> DATA
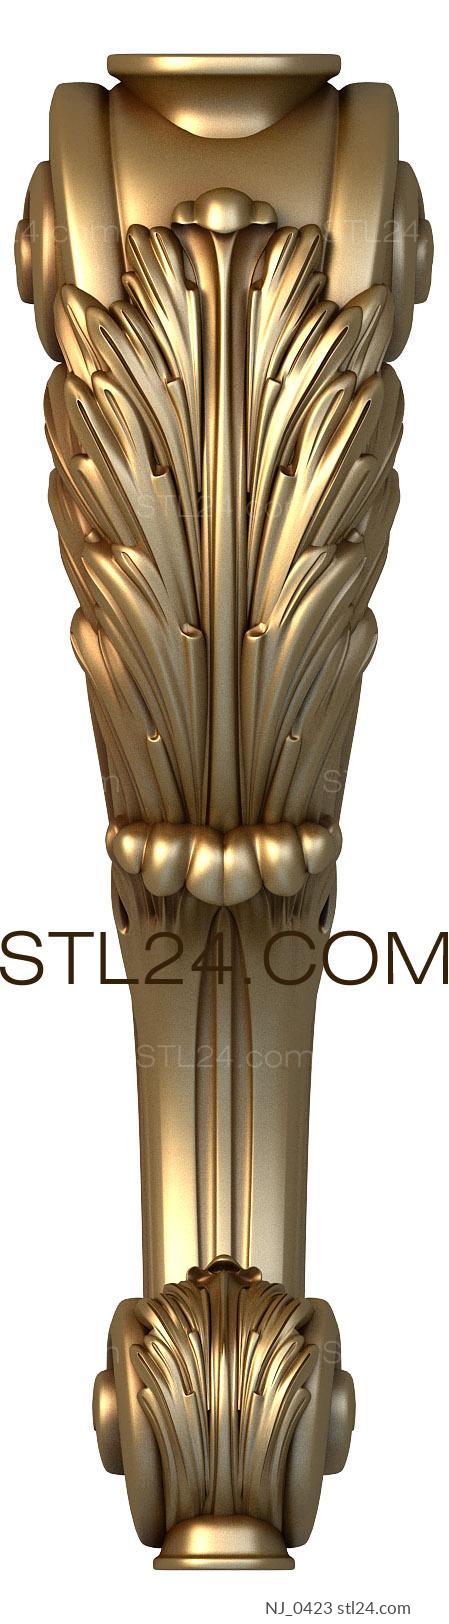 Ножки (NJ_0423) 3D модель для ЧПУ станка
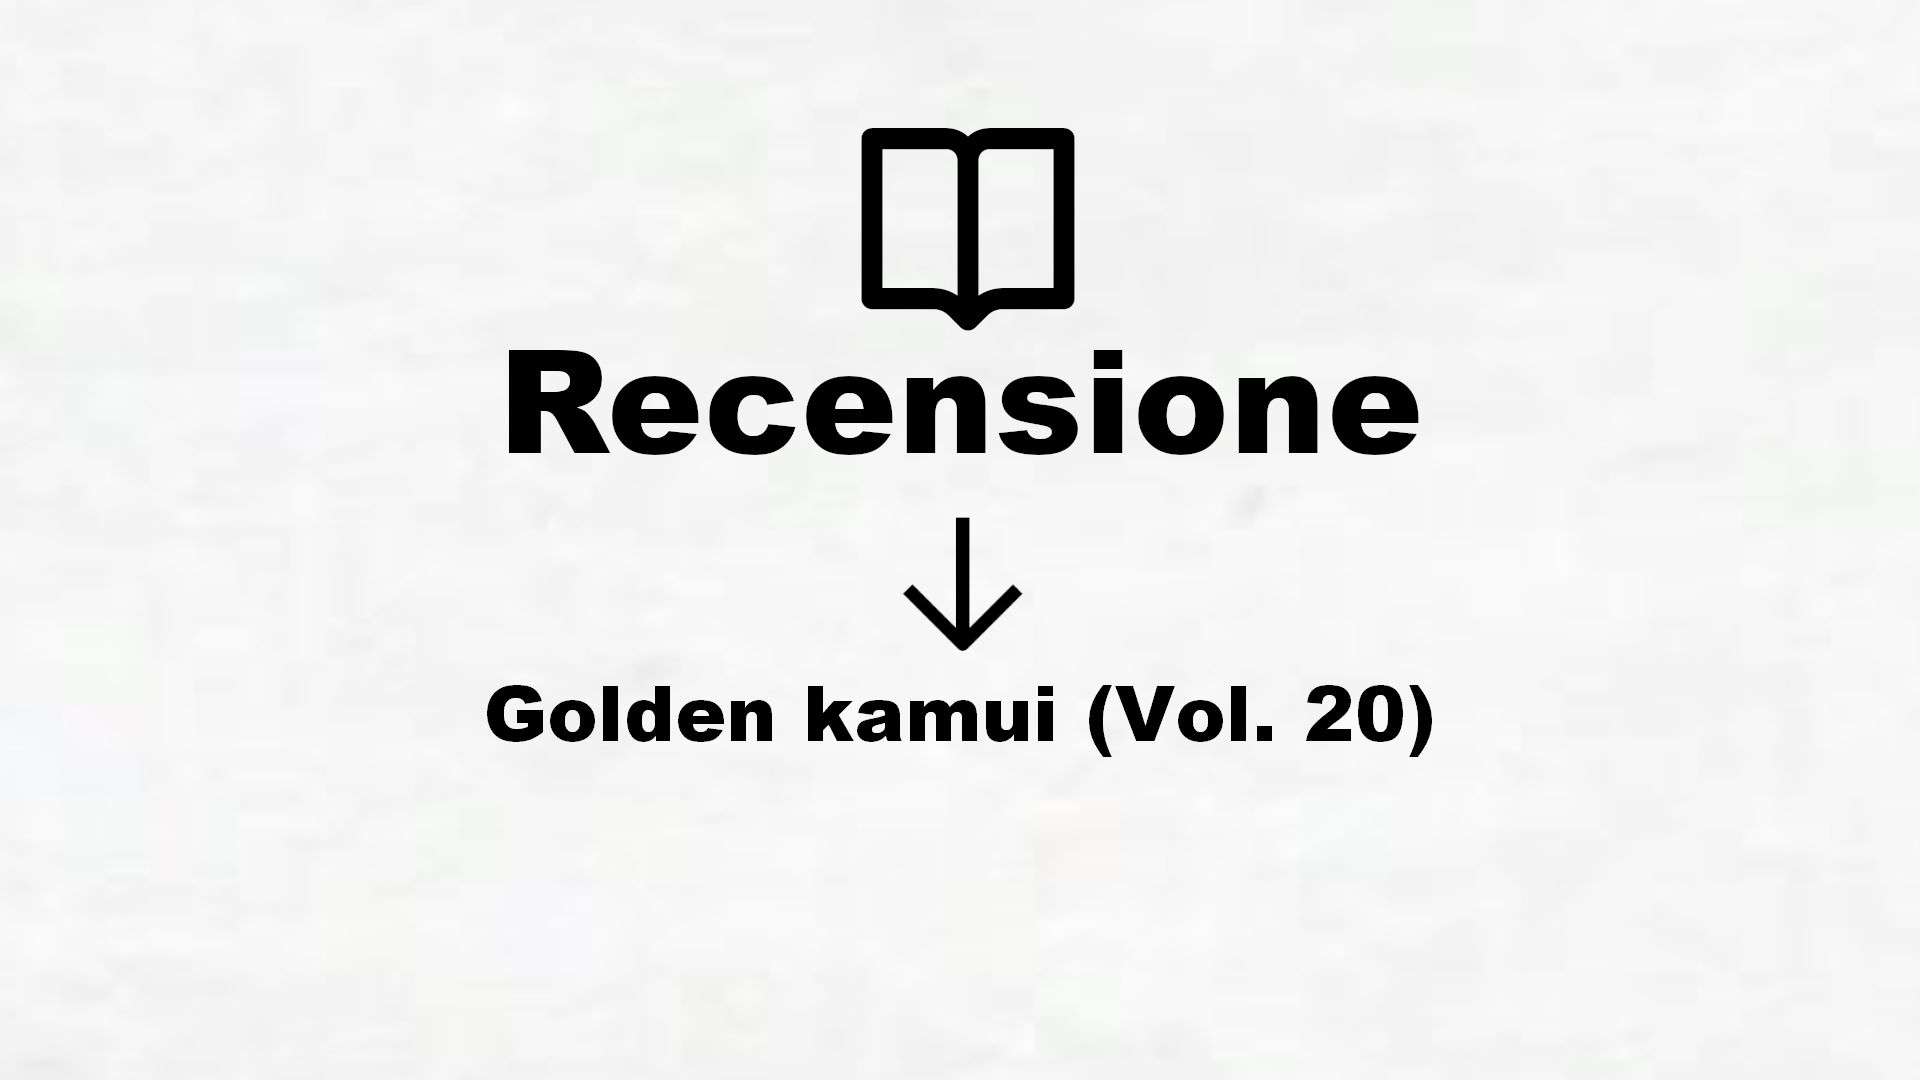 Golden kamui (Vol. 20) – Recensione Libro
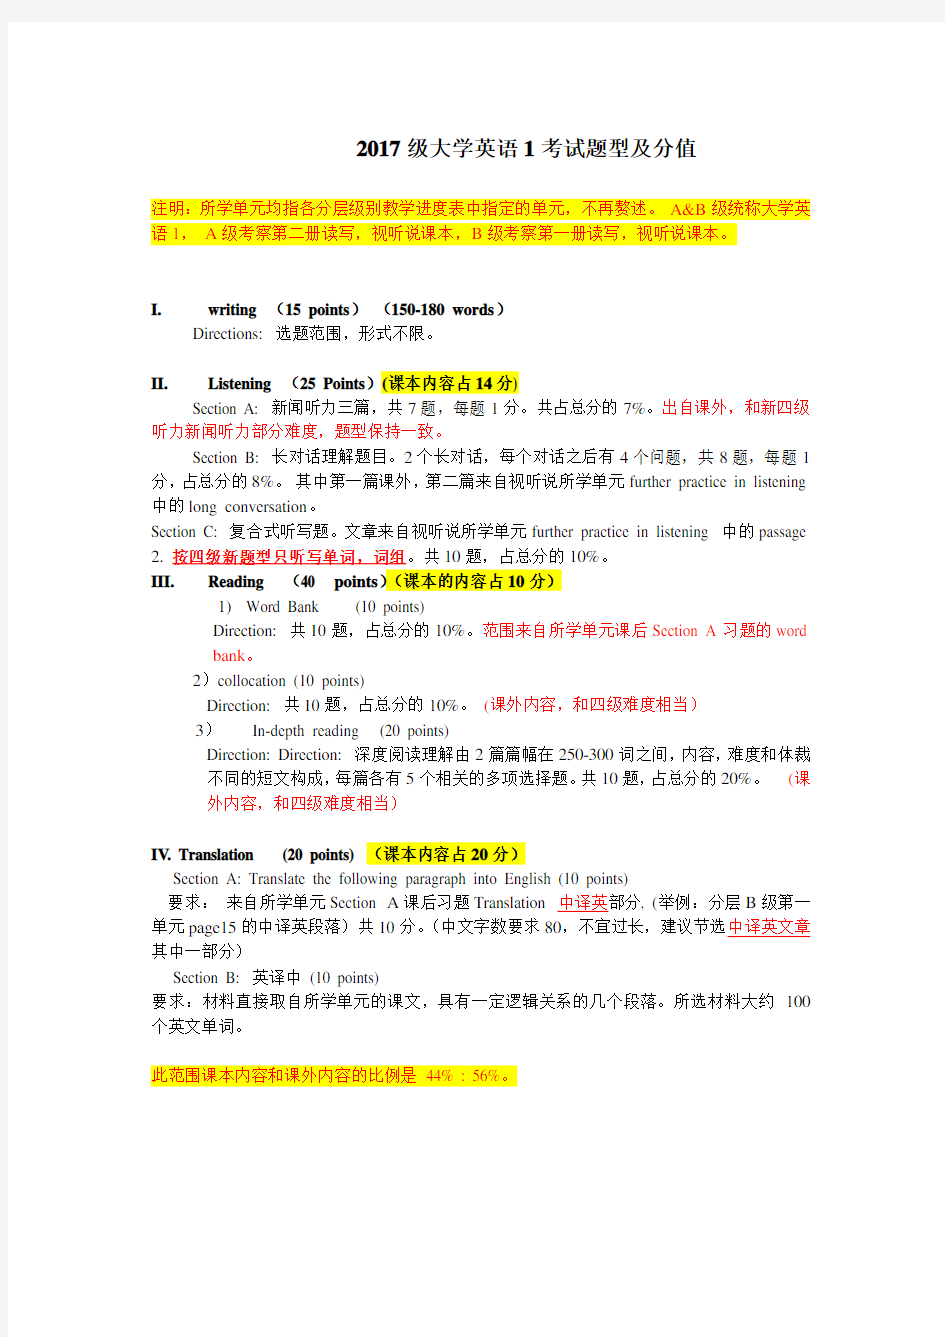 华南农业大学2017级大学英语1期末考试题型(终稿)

> WHAT TO PRODUCE
Print the listing again exactly as it appears, except for the pictures, which stay out.

> YOUR SOLUTION
 Ножки (NJ_0423) 3D модель для ЧПУ станка
 Golden kamui (Vol. 20) – Recensione Libro
 华南农业大学2017级大学英语1期末考试题型(终稿)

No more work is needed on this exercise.